I agree get a 220V MIG. For a home mechanic that wants a welder that will do anything you need it to do, I'd specifically suggest as a bare minimum one of the following...Hobart Handler 190, Lincoln Powermig 180c, or Millermatic 180. Hobart will be the cheapest of the bunch (it's Miller's discount line) but it still gets very good reviews. Biggest difference is the stepped voltages on the Hobart (7 choices), vs infinite voltage on the Lincoln & Miller. But that won't matter much because 7 choices are pretty good...better than many cheaper ones that only offer 4. Millermatic will be the most expensive probably, but it has this a slick "Autoset" feature that takes much of the learning curve away of setting voltage & wire speed and reportedly works pretty well (I haven't personally tried one). Might be worth the little extra cash.
I feel all of those will work well and you can get one new for about $700-1,000ish in the US...not sure about where you're at. I consider those models a minimum and I would not suggest anyone ever go any smaller/cheaper than those. None will include a gas bottle so you'll need to add that cost. And then for your first welding project, you buy some angle iron and build yourself a welding cart out of it to hold your new welder, bottle, and tools. That welding cart will be your welding 101 class...it's a great way to learn and a non-critical part you can do screwed up welds on and not really hurt anything.

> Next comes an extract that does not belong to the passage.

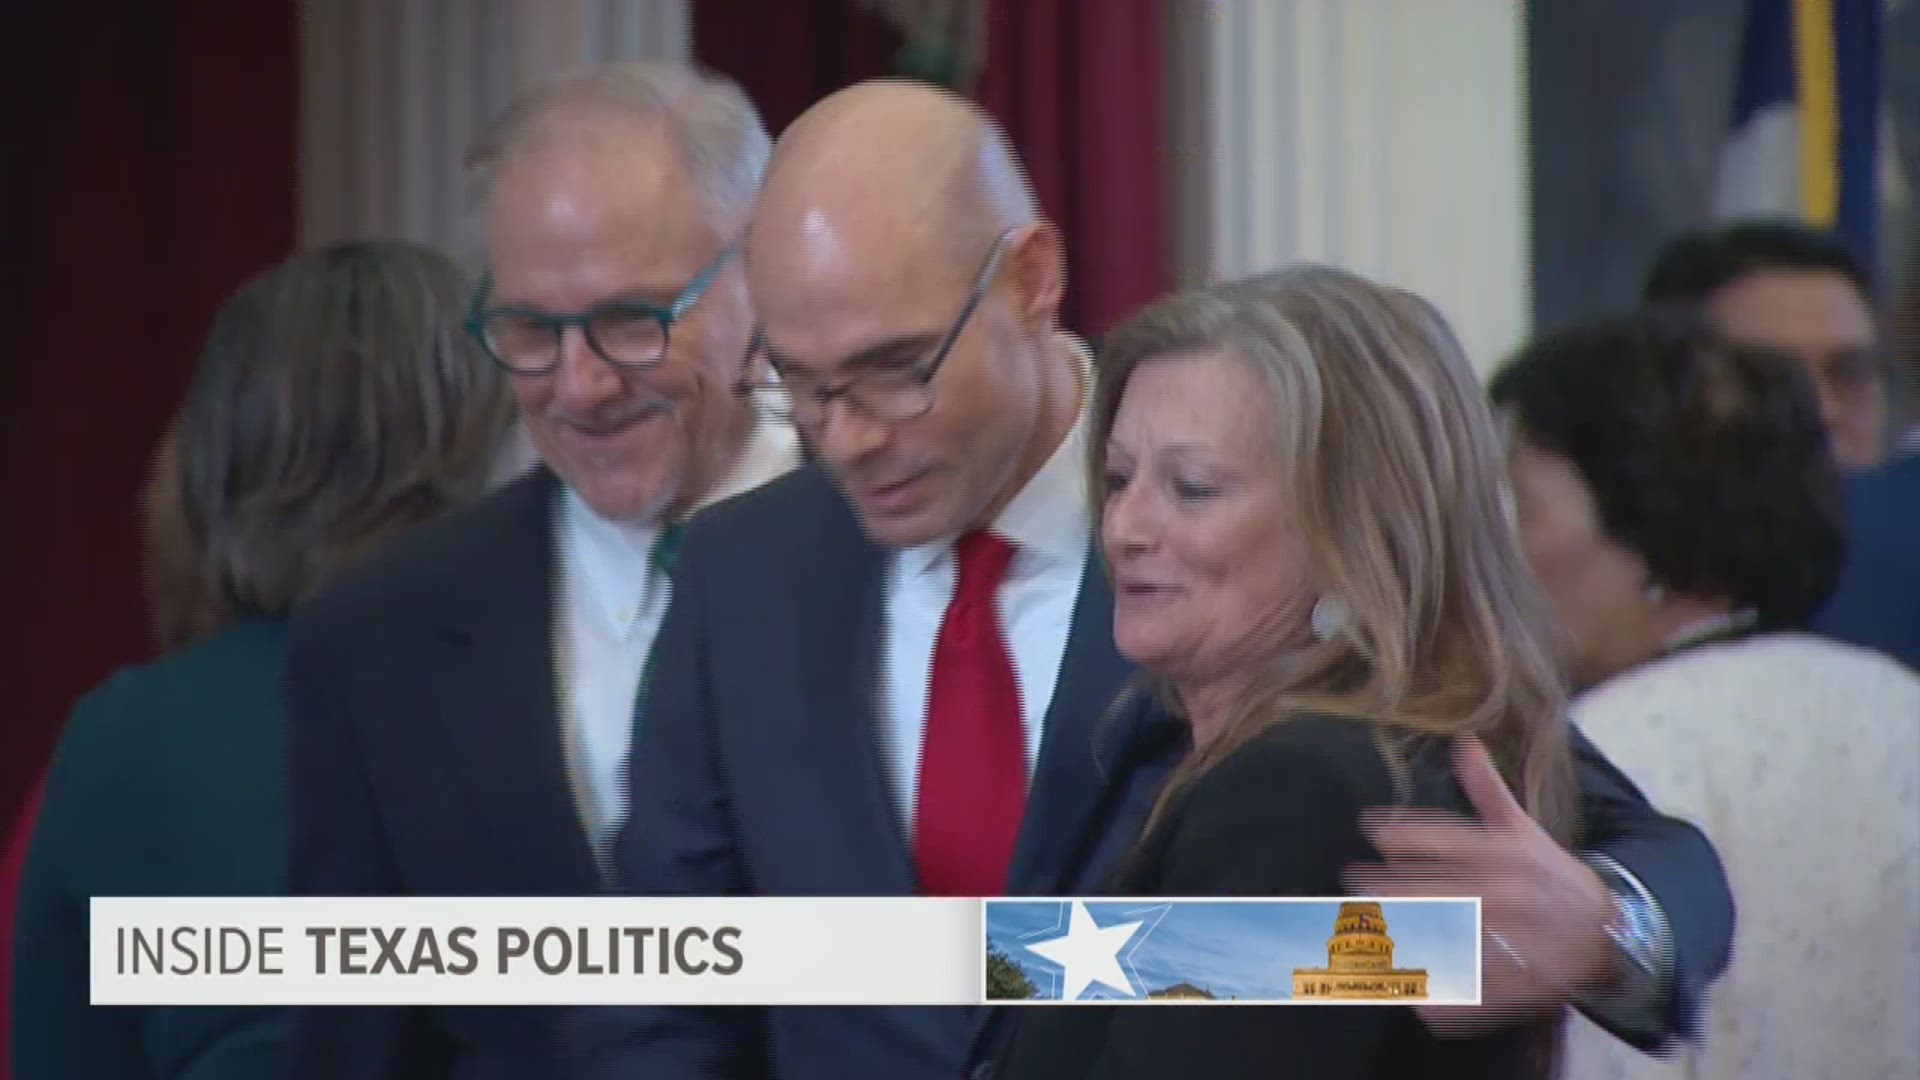 The secret recording of Texas House Speaker Dennis Bonnen is expected to be released this week.
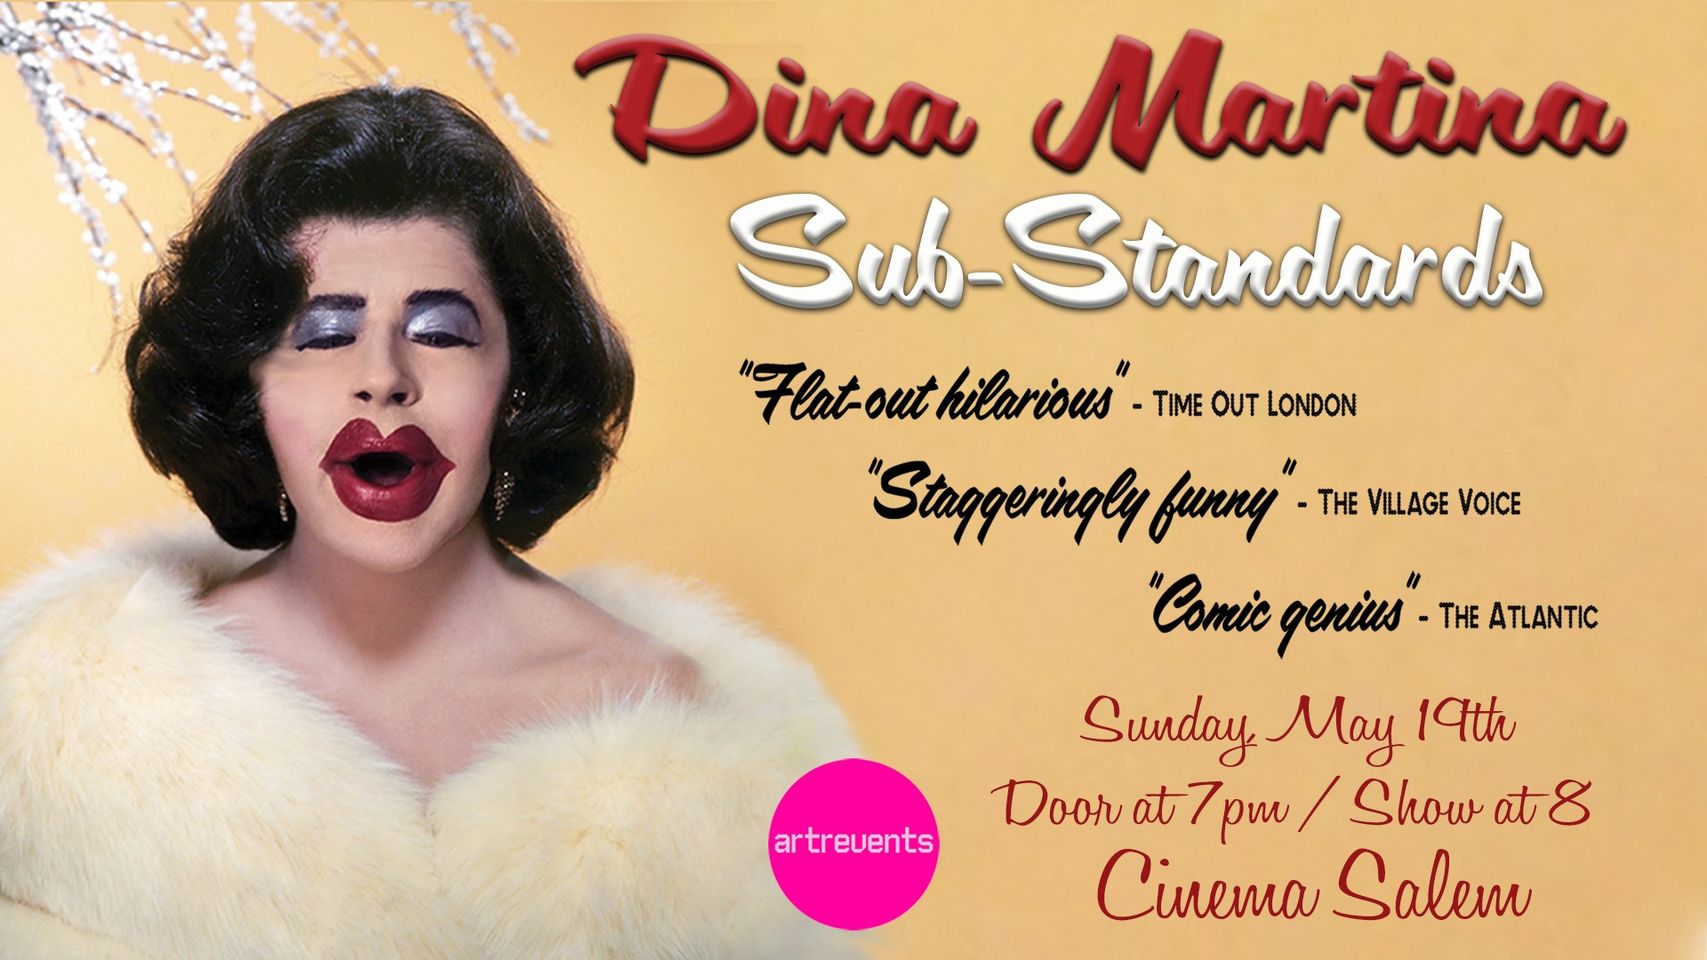 Boost your promotions with an eye-catching poster for Dina Martina's "Sub-Standards" show. The poster will highlight her stunning portrait, important show details, and rave reviews. This engaging visual aid can significantly raise awareness about the event and attract potential audience members.

I feel you should entirely avoid the 110V units (the link Neil provided above is a 110). I admit they can often work well, but most are VERY easy to exceed duty cycle if you do anything beyond thin sheetmetal, and therefore they'll usually live a short life before burning up a circuit board or something and costing you substantially more in the long run. Do NOT fall into the Harbor Freight trap for a welder. Junk. My other STRONG suggestion is to invest in a decent quality auto-darkening helmet. It makes life soooooo much nicer, will shorten your learning curve, and as a small side benefit it might prevent you from actually going blind. By the time you add all that up (welder, bottle, helmet, some material) I don't see you getting what you probably need for much less than about $1500(new)...but it will be very much a worthwhile expense.